Three of the four Bartholomew County private schools saw enrollment rise this year, with Columbus Christian School experiencing the biggest bump at 22 percent.
Columbus Christian’s jump from 168 to 205 students is attributed in part to the state voucher program, which allows qualified low- to middle-income families to use state funds to send their children to private schools. Columbus Christian has 53 students on vouchers this year, compared with 30 last year.
First-year Principal Kendall Wildey called vouchers a blessing.
The other component driving enrollment growth is positive word-of-mouth advertising, Wildey said.
But as Columbus Christian continues to grow, its resources are getting spread thin, he said, adding that it’s sometimes difficult to come up with extra desks, computers and other classroom materials.
“We are in the process of working through the growing pains in terms of space,” Wildey said. “We hope to continue to grow, so we have a problem of having to build on.”
Total enrollment among local private schools has increased by 50 students, or 4.8 percent, from last year.
Here are snapshots of the other private schools in the area:
Mike Gorday, director of ABC Stewart, said enrollment has increased by about 10 students (9.1 percent) at the kindergarten through sixth-grade level of the local Montessori school.

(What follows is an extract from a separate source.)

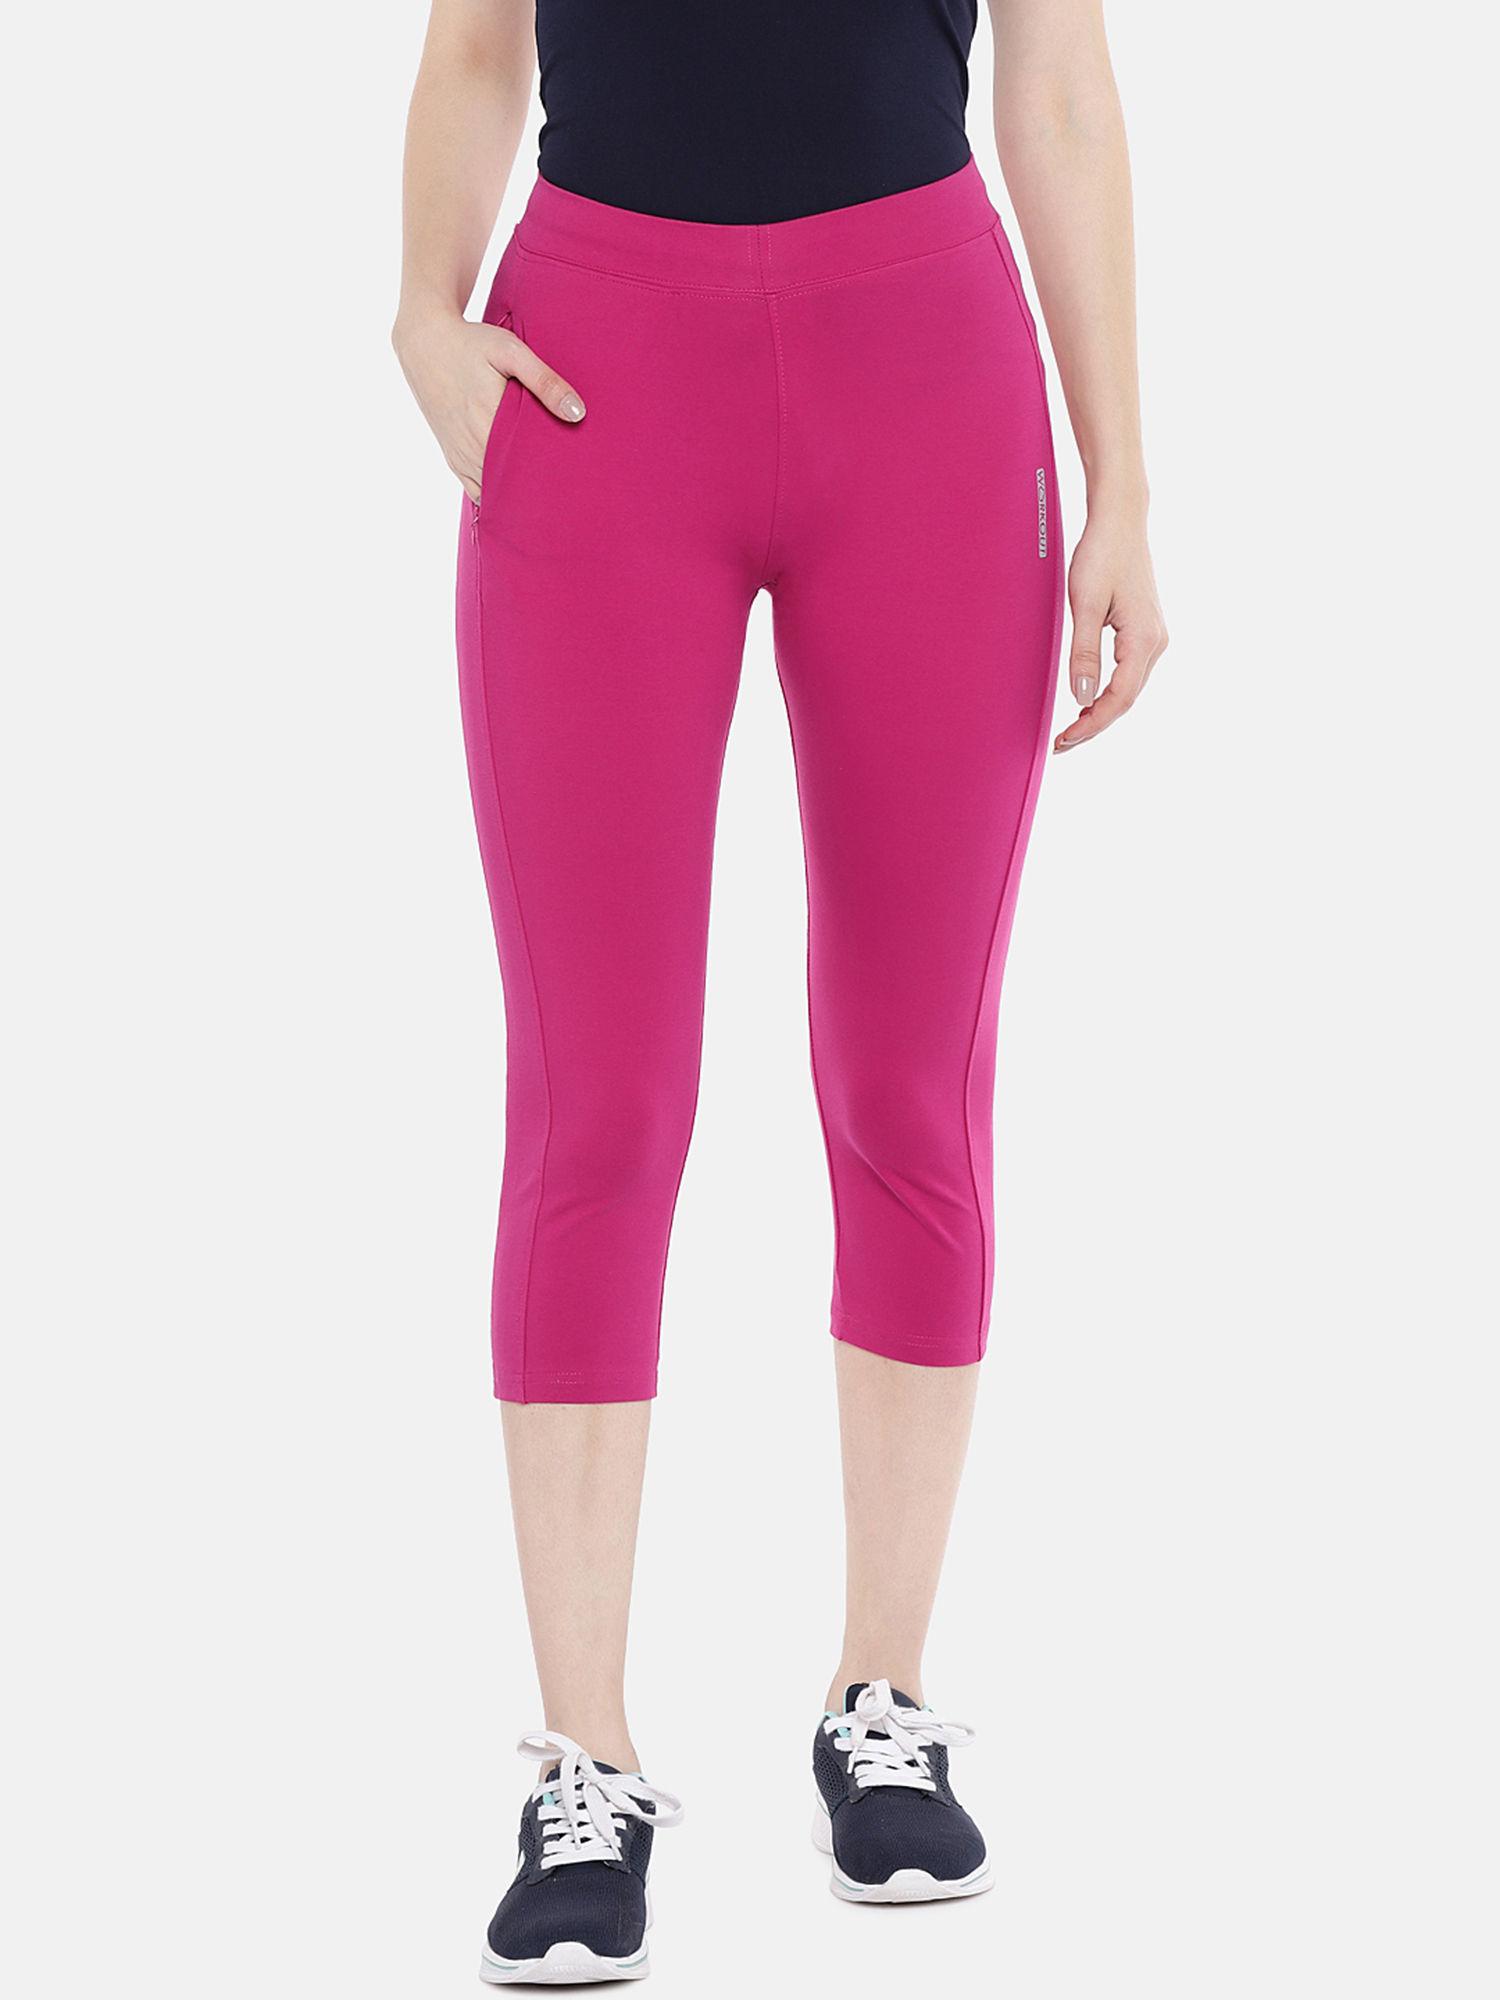 cotton spandex women's workout capri with zipper pocket - pink

“I think the people in the community recognize the quality of education we provide,” Gorday said. “This is our 43th year in Columbus, so it has a reputation for outstanding educational programs.”
St. Peter’s, which offers kindergarten- through eighth-grade classes, has added 18 students this year.
Principal Scott Schumacher said the slight growth at St. Peter’s was due more to the school’s good reputation than to vouchers.
St. Bartholomew, also a kindergarten through eighth-grade school, lost 15 students.
Principal Kathy Schubel wasn’t concerned with the slight dip in her school’s enrollment, where a small kindergarten class contributed to its overall decrease.
Having a drop in enrollment in a particular grade is something that parents don’t mind, in that it generates a smaller student-teacher ratio, Schubel said.
Therein lies the quandary private schools face.
“I would like to see our numbers grow,” Schubel said. “But it’s kind of a double-edged sword. A lot of people come here because of the small class sizes. If you grow too much, you lose them.”